* _Recorded information_:

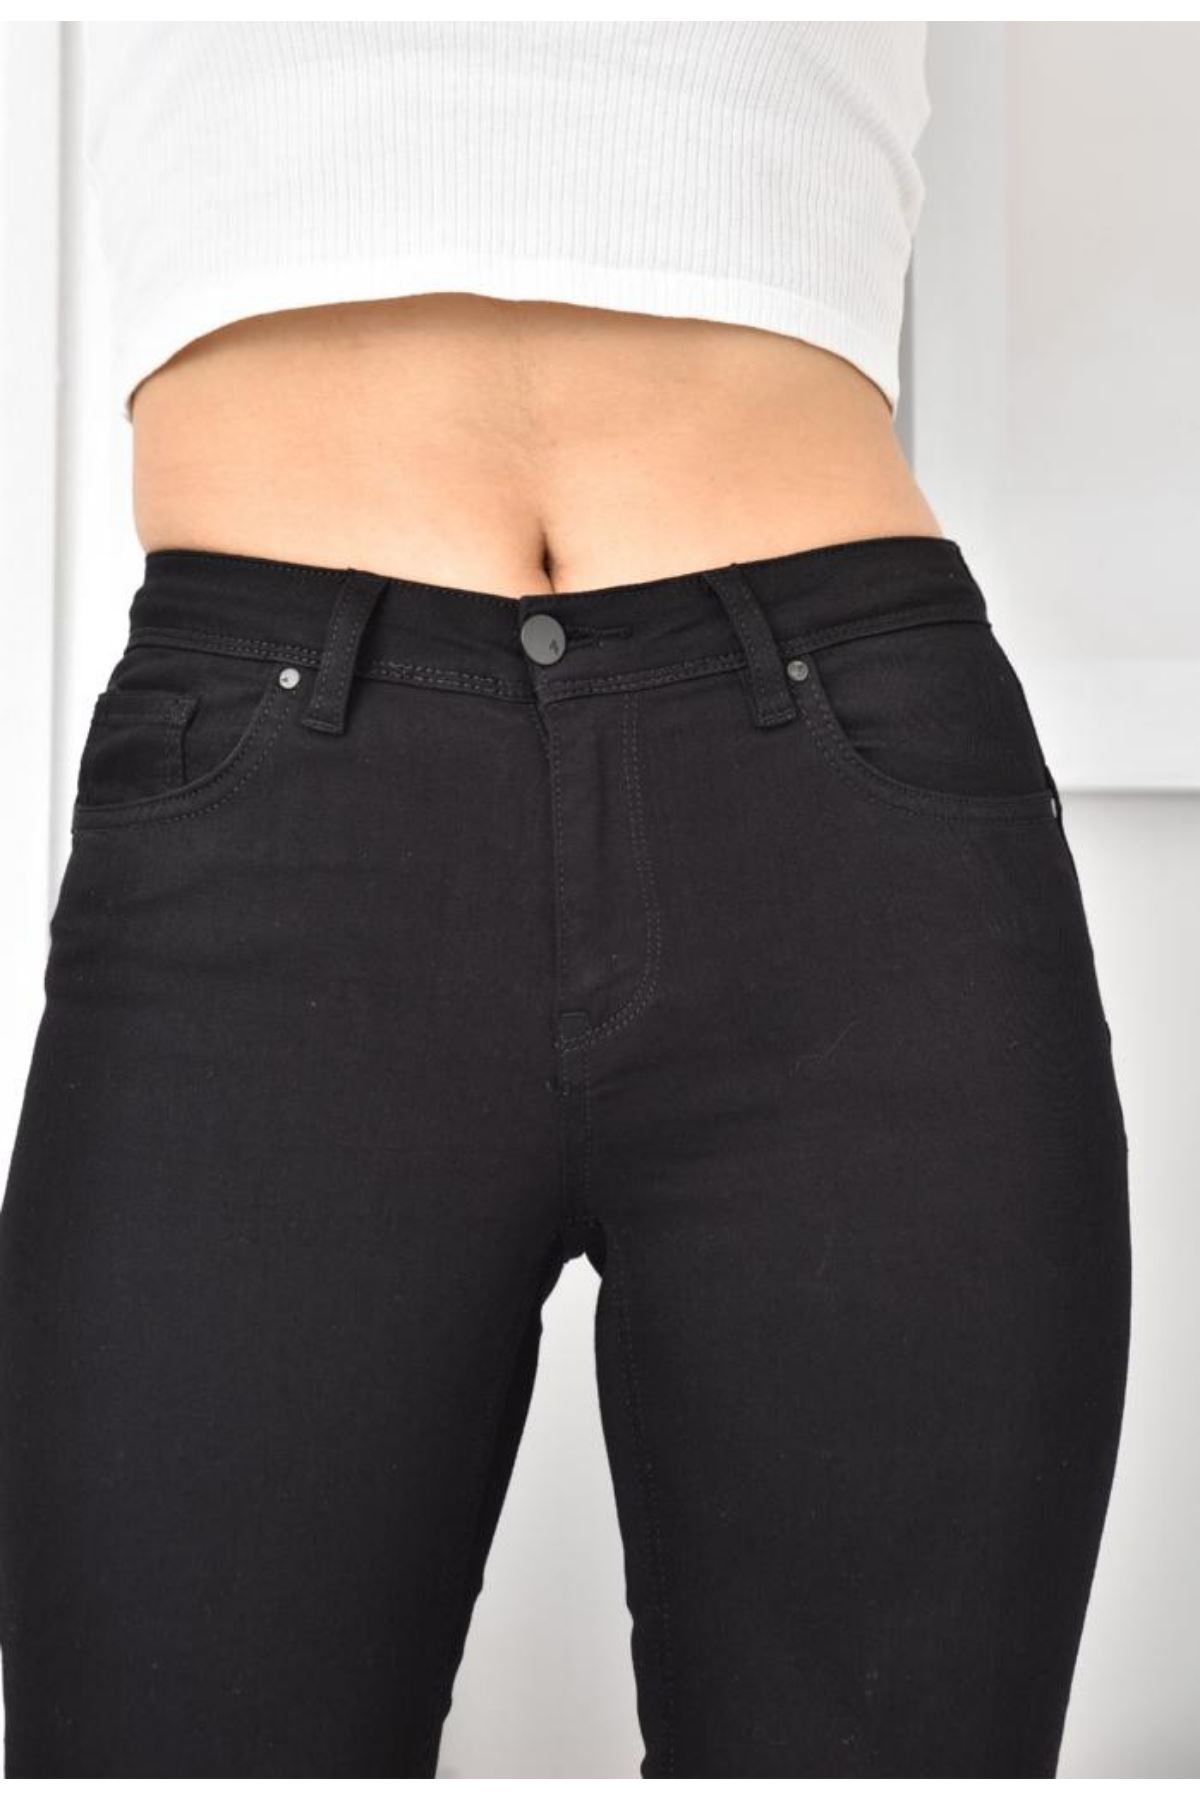 Giyinsen Kadın Siyah Jean Pantolon - 23YD52001049
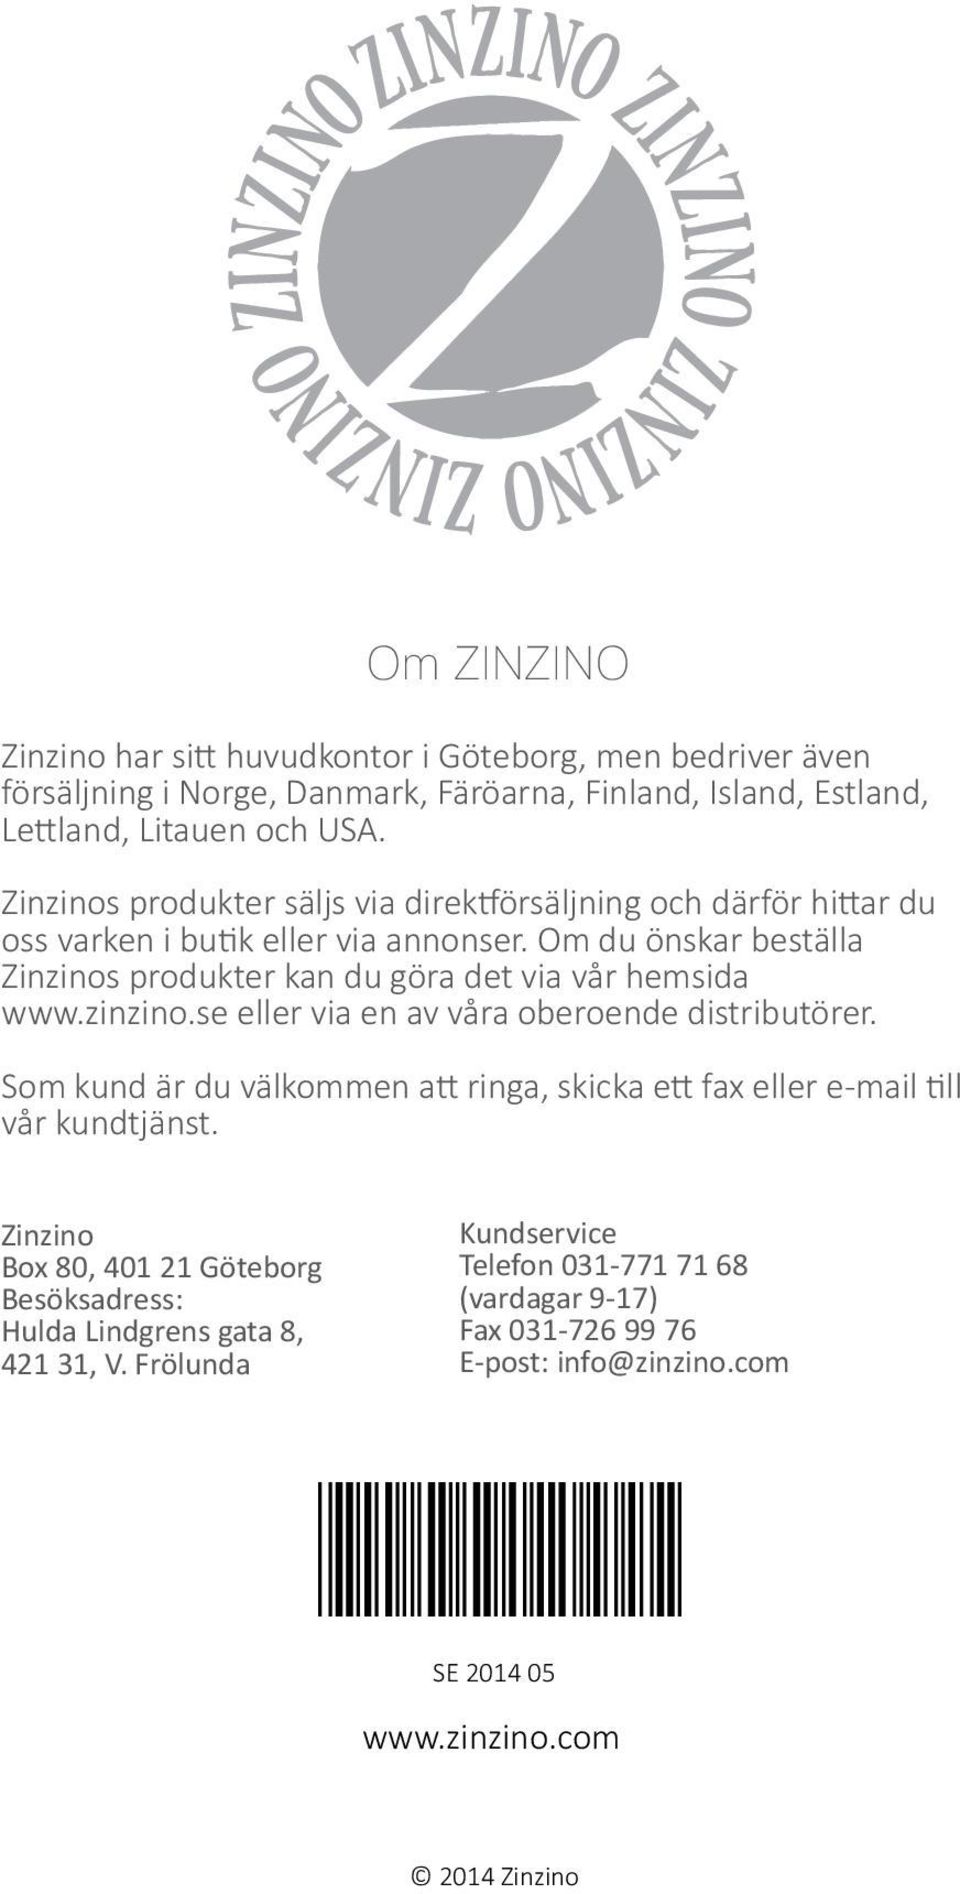 Om du önskar beställa Zinzinos produkter kan du göra det via vår hemsida www.zinzino.se eller via en av våra oberoende distributörer.
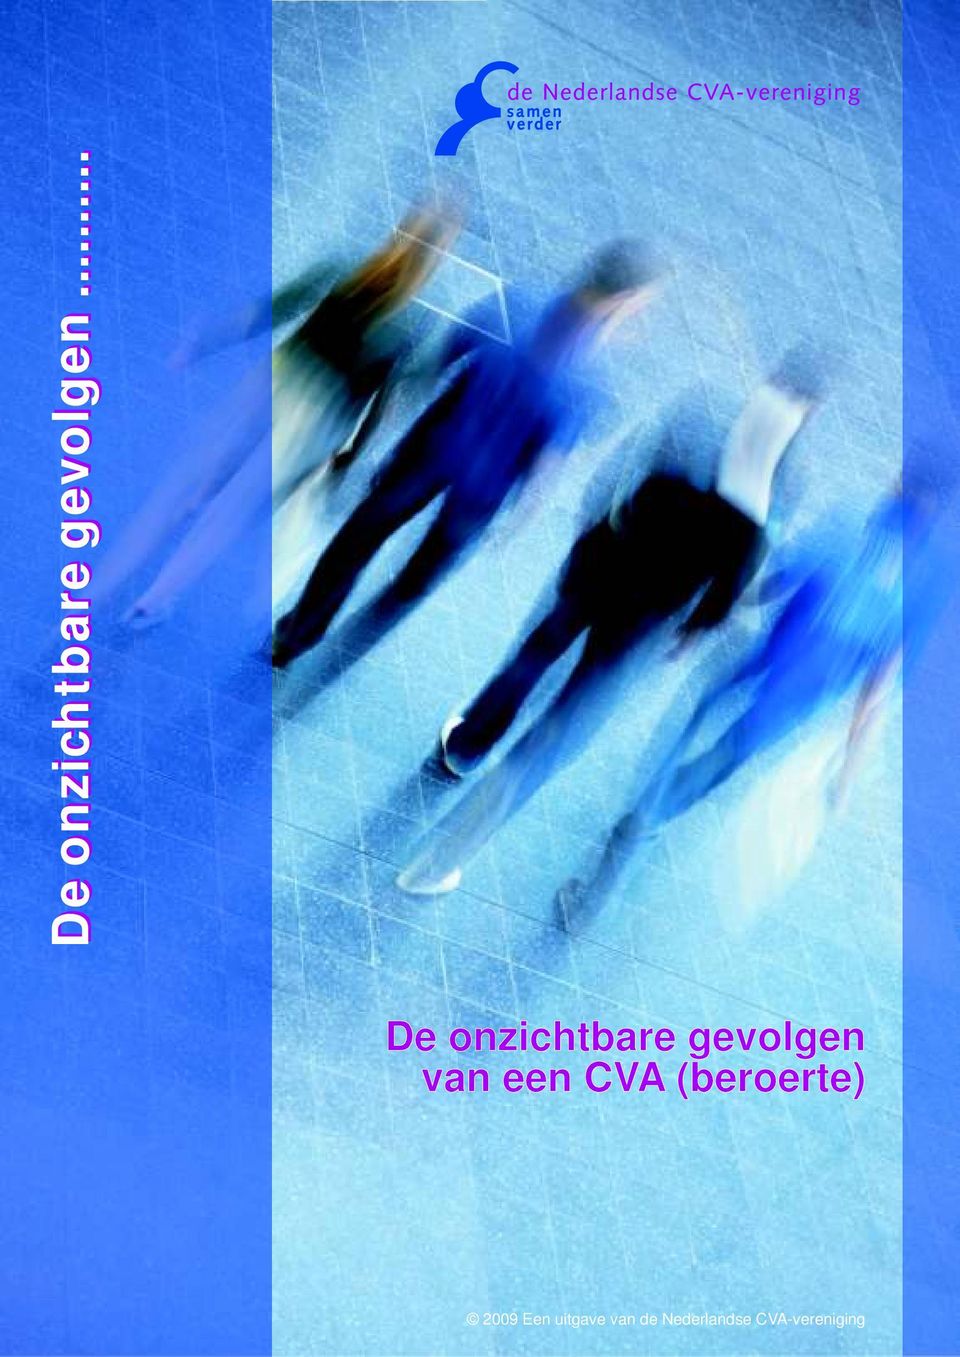 CVA (beroerte) 2009 Een uitgave van

* _What you need to do_:
Copy the data character for character, but drop all pictures from the copy.

* _Response area_:
 Giyinsen Kadın Siyah Jean Pantolon - 23YD52001049
 Om du önskar beställa Zinzinos produkter kan du göra det via vår hemsida www.zinzino.se eller via en av våra oberoende distributörer.
 CVA (beroerte) 2009 Een uitgave van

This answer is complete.